I have a tool that I wrote, probably 5+ years ago. Runs once a week, collects data from a public API, translates it into files usable by the asterisk phone server.
I totally forgot about it. Checked. Yep, up to date files created, all seem in the right format.
Sometimes things just keep working.
Yeah, all these simple data processing scripts will always work as long as both sides stay the same/compatible
Yep. It seems they haven’t changed a thing about the format. Probably a script much older than mine on their end is generating it too.
Isn’t that true for all of data processing?
Maybe. But webdevs have made it a mission not to seem like so
Meanwhile, had to debug a script that zipped a zip recursively, with the new data appended. The server had barely enough storage left, as the zip took almost 200GB (the data is only 3GB). I looked at the logs, last successful run: 2019
Need some monitoring!
Oh no need. The client didn’t noticed anything in 6 years, and the reason why we had to check is because they wanted us to see if we could add this feature… That already existed.
My favorite part is, if you do some extensive analytics from time to time (e.g. to prepare an upgrade to a new major version) and as a side effect stumble upon some workflows/pipelines/scripts constantly failing (and alerting the process owner) every five minutes for… at least a few months already.
Then you go and ask the process owner and they’re just like “yeah, we were annoyed by the constant error notification mails, so we mad a filter that auto deletes them”…
Yes, had the same happen. Something that should be simple failing for stupid reasons.
Well it’s not that simple… Because whoever wrote that made it way too complicated (and the production version has been tweaked without updating the dev too)
A clean rewrite with some guard clauses helped remove the haduken ifs and actually zipping the file outside of the zipped directory helped a lot
I mean, I have to say I’ve hastened my own demise (in program terms) by over-engineering something that should be simple. Sometimes adding protective guardrails actually causes errors when something changes.
Am I understanding that last part correctly?
[…] and actually zipping the file outside of the zipped directory helped a lot
Did they just automatically create a backup zip-bomb in their script‽
I oversimplified it but the actual process was to zip files to send to an FTP server
The cron zipped the files to send in the same directory as the zipped files, then sent the zip, then deleted the zip
Looks fine, right? But what if the FTP server is slow and uploading take more time than the hourly cron dispatch? You now have a second script that zip all the folder, with the previous zip file, which will slow down the upload, etc…
I believe may have been started by an FTP upload erroring out and forcing an early return without having a cleanup, and progressively got worse
… I suppose this happened. The logs were actually broken and didn’t actually add the
messagepart of the error object, and only logging the memory address to it
the final part of that is “written by person that left the company ten years ago”
A self-written shell script “daemon” that tails & greps log output for “ERR|FAIL”
Nah bro, that bash alias is FULLY documented in .bashrc! Idiot.
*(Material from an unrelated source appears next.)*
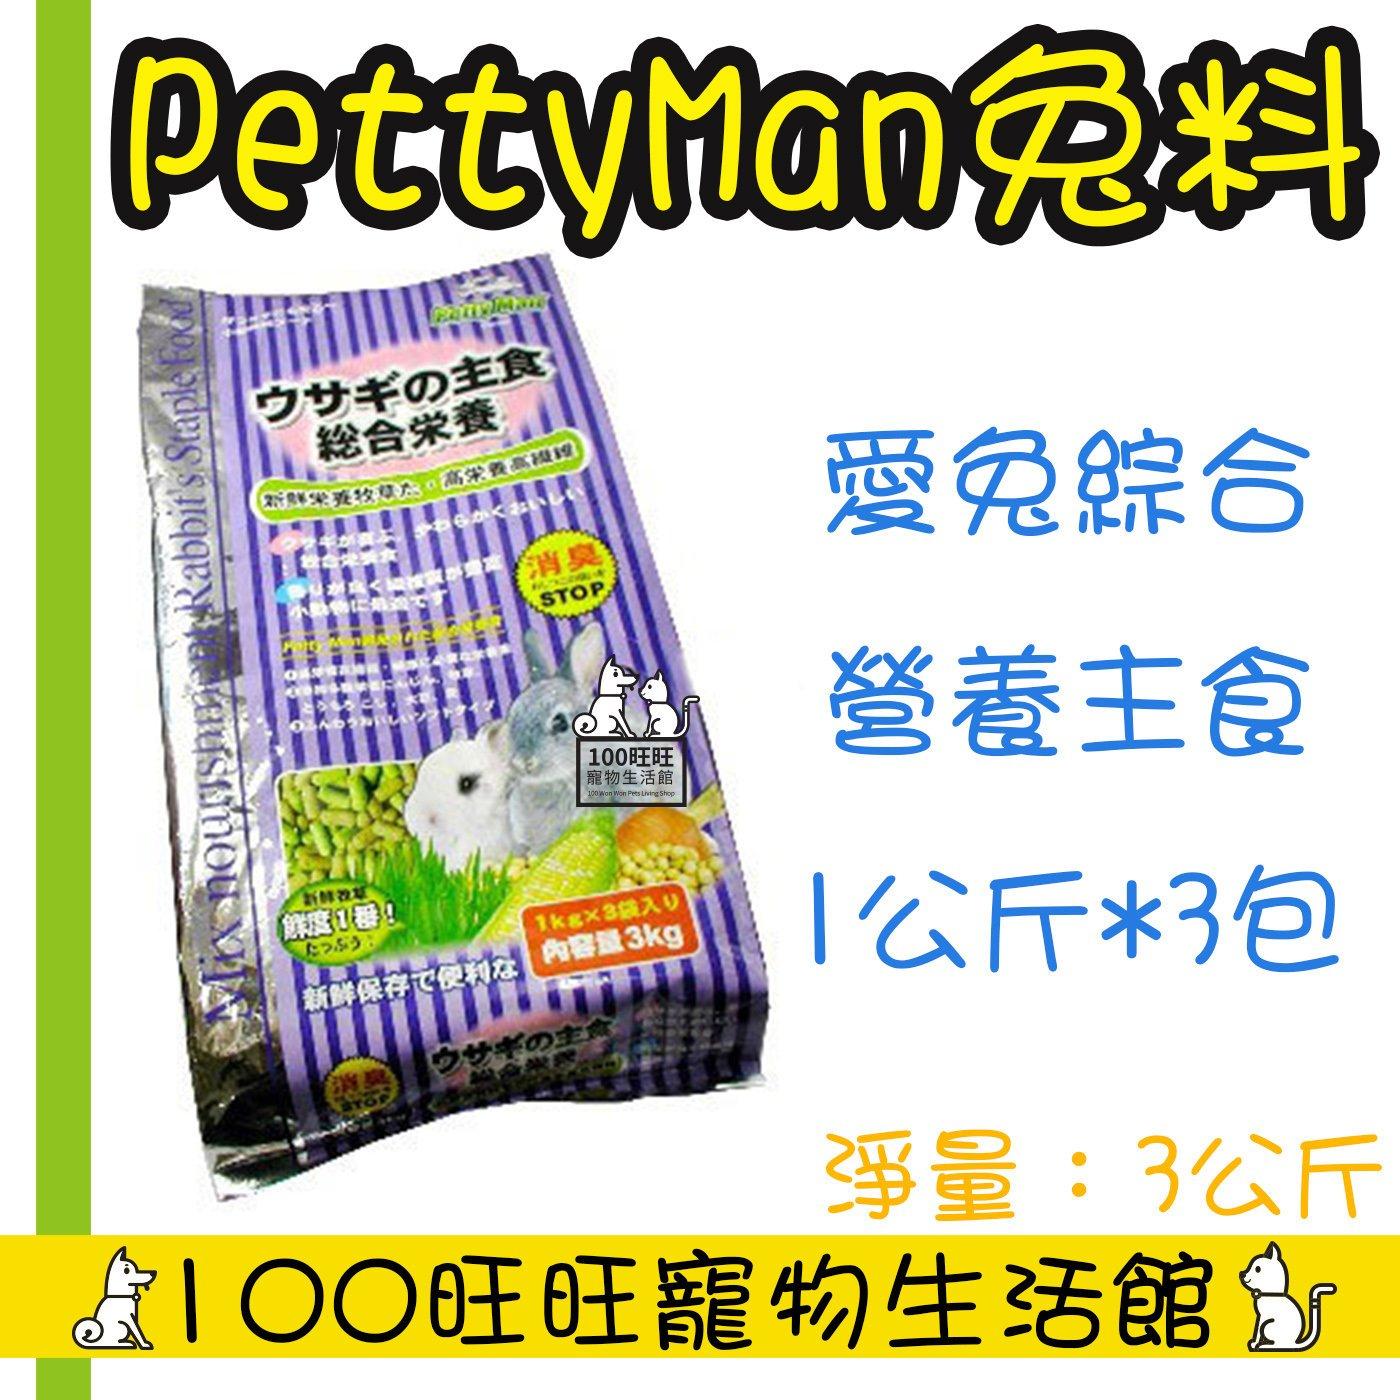 台南100旺旺〔會員更優惠〕〔1500免運〕Petty Man PM001 PM-001 營養綜合主食 消臭新配方

I don’t see the alias in your .bashrc
yeah, um, about that. I have no idea where it comes from. We can type alias and see what it is, so if it’s ever lost, we can recreate it, but I looked for 30 minutes yesterday even did a grep -R and I have NO IDEA where it comes from, or why it’s named electricboogaloo
My current project has a crontab with 216 entries.
Well, here’s a sentence I haven’t been tempted to use before:
“I believe that may be too many crontab entries.”
just randomly delete 50 of them.
Yes. The strongest crontab entries will probably restore themselves. (For anyone reading along, this is sarcasm. Don’t do this.)
a crontab can regenerate from bisection to form two whole crontabs
Any problem in server administration can be solved with an additional crontab entry. Except for the problem of too many crontab entries.
And that’s why I added a crontab entry that periodically purges my cron configuration. That way, I’m forced to readd only the truly necessary cron jobs, successfully reducing the amount of crontab entries.